Additionally, the order in which the elements and sequences of the process are recited in the specification, the use of alphanumeric characters, or other designations, is not intended to limit the order in which the processes and methods of the specification occur, unless otherwise specified in the claims. While various presently contemplated embodiments of the invention have been discussed in the foregoing disclosure by way of example, it is to be understood that such detail is solely for that purpose and that the appended claims are not limited to the disclosed embodiments, but, on the contrary, are intended to cover all modifications and equivalent arrangements that are within the spirit and scope of the embodiments herein. For example, although the system components described above may be implemented by hardware devices, they may also be implemented by software-only solutions, such as installing the described system on an existing server or mobile device.
Similarly, it should be noted that in the preceding description of embodiments of the present specification, various features are sometimes grouped together in a single embodiment, figure, or description thereof for the purpose of streamlining the disclosure aiding in the understanding of one or more of the embodiments. This method of disclosure, however, is not intended to imply that more features than are expressly recited in a claim. Indeed, the embodiments may be characterized as having less than all of the features of a single embodiment disclosed above.
Numerals describing the number of components, attributes, etc. are used in some embodiments, it being understood that such numerals used in the description of the embodiments are modified in some instances by the use of the modifier "about", "approximately" or "substantially". Unless otherwise indicated, "about", "approximately" or "substantially" indicates that the number allows a variation of ± 20%. Accordingly, in some embodiments, the numerical parameters used in the specification and claims are approximations that may vary depending upon the desired properties of the individual embodiments. In some embodiments, the numerical parameter should take into account the specified significant digits and employ a general digit preserving approach. Notwithstanding that the numerical ranges and parameters setting forth the broad scope of the range are approximations, in the specific examples, such numerical values are set forth as precisely as possible within the scope of the application.

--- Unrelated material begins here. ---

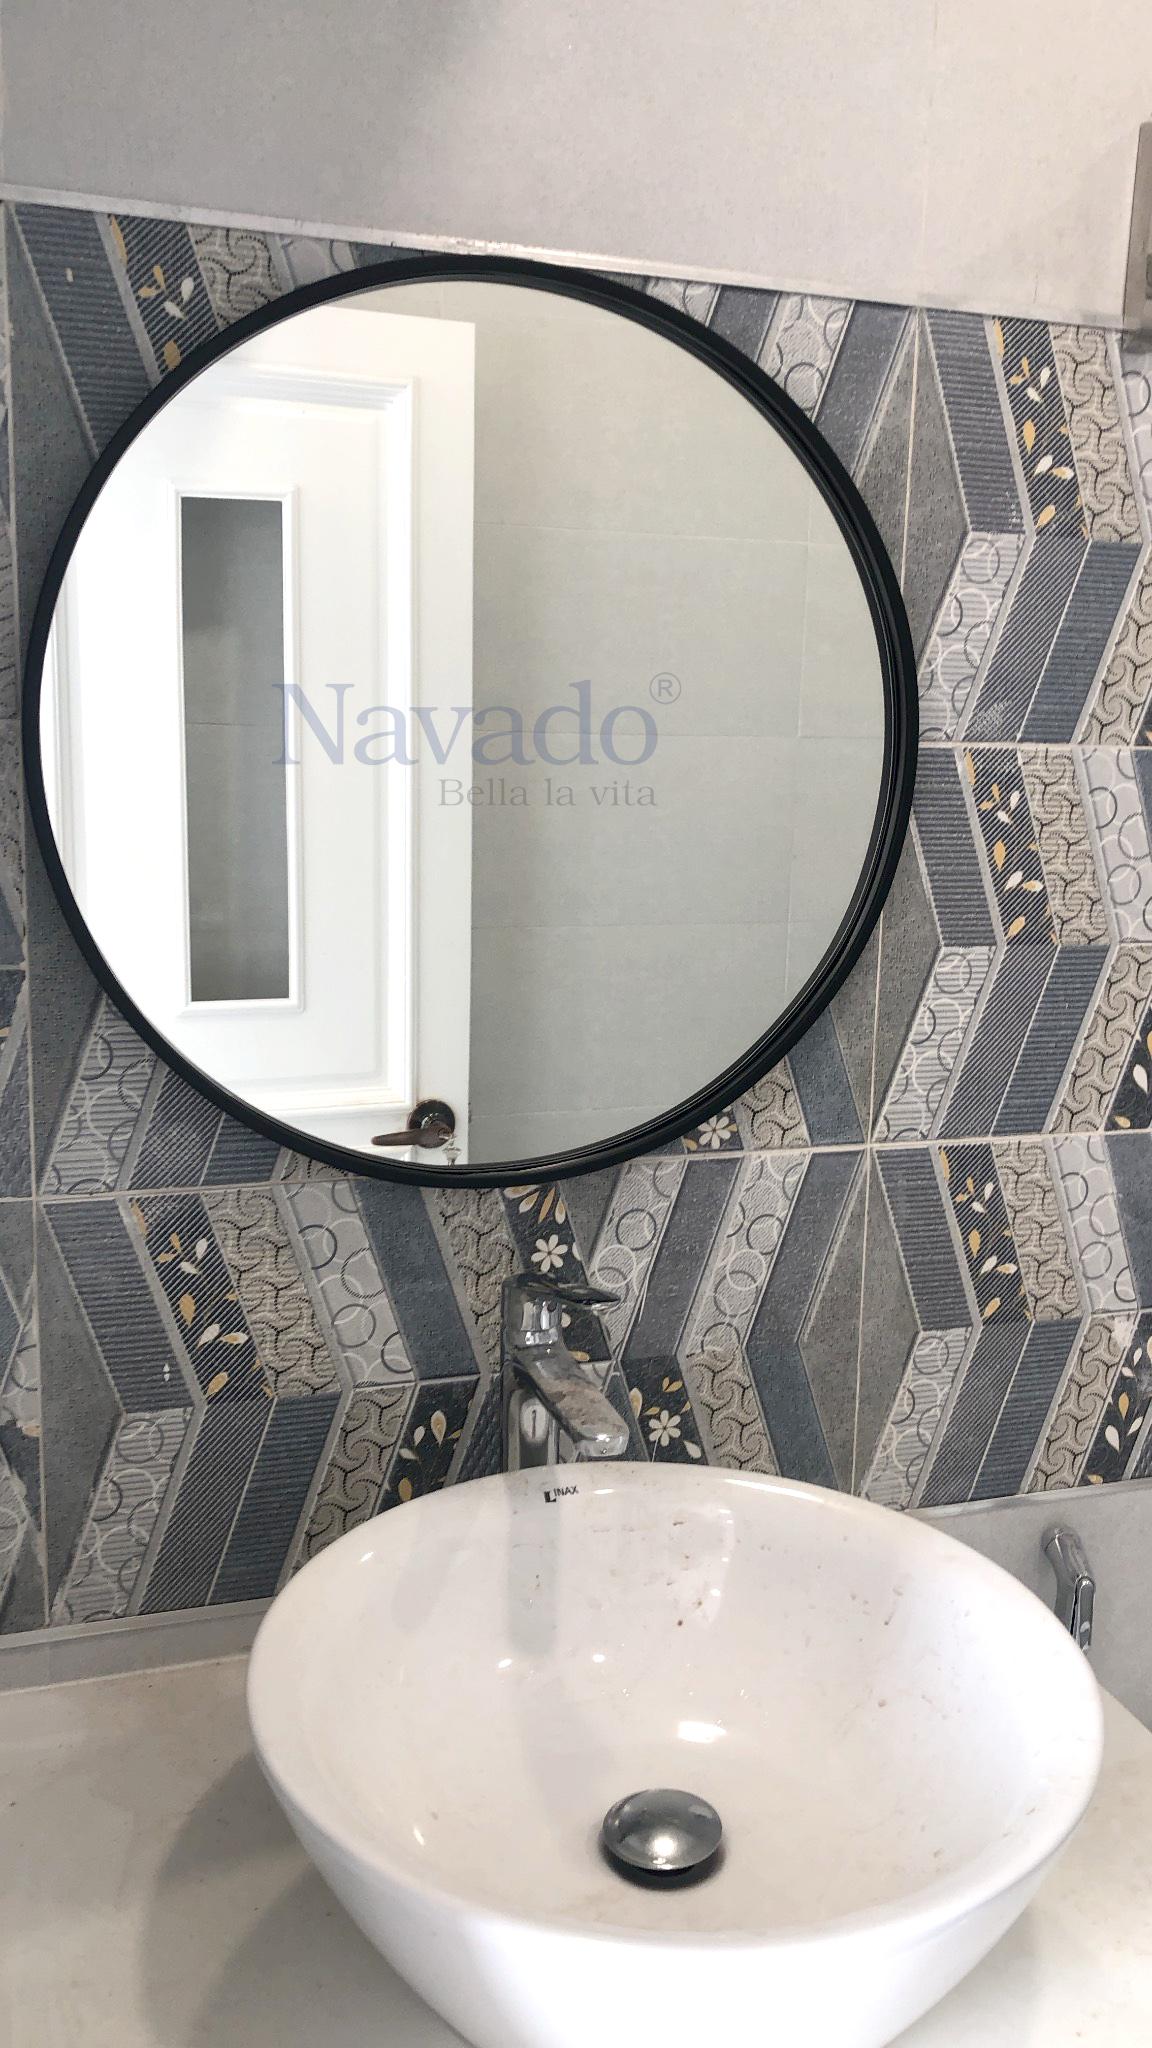 Nếu bạn đang tìm kiếm một gương nhà tắm độc đáo, vừa trang nhã và tiện lợi, gương tròn treo tường chính là lựa chọn hoàn hảo. Với thiết kế nhỏ gọn và thanh lịch, bạn có thể dễ dàng treo lên bất cứ vị trí nào trong phòng tắm.

For each patent, patent application publication, and other material, such as articles, books, specifications, publications, documents, etc., cited in this specification, the entire contents of each are hereby incorporated by reference into this specification. Except where the application history document does not conform to or conflict with the contents of the present specification, it is to be understood that the application history document, as used herein in the present specification or appended claims, is intended to define the broadest scope of the present specification (whether presently or later in the specification) rather than the broadest scope of the present specification. It is to be understood that the descriptions, definitions and/or uses of terms in the accompanying materials of this specification shall control if they are inconsistent or contrary to the descriptions and/or uses of terms in this specification.
Finally, it should be understood that the embodiments described herein are merely illustrative of the principles of the embodiments of the present disclosure. Other variations are also possible within the scope of the present description. Thus, by way of example, and not limitation, alternative configurations of the embodiments of the specification can be considered consistent with the teachings of the specification. Accordingly, the embodiments of the present description are not limited to only those embodiments explicitly described and depicted herein.

Claims (18)

1. An object allocation method, the method being performed by at least one processor, comprising:
acquiring characteristic information of a first class of objects to be matched;
determining matching values of the first class object and two or more candidate second class objects respectively based on the characteristic information of the first class object and the characteristic information of the two or more candidate second class objects;
acquiring matching correction parameters;
and selecting a target second-class object from the two or more candidate second-class objects and allocating the target second-class object to the first-class object based on at least the matching correction parameter and the two or more matching values.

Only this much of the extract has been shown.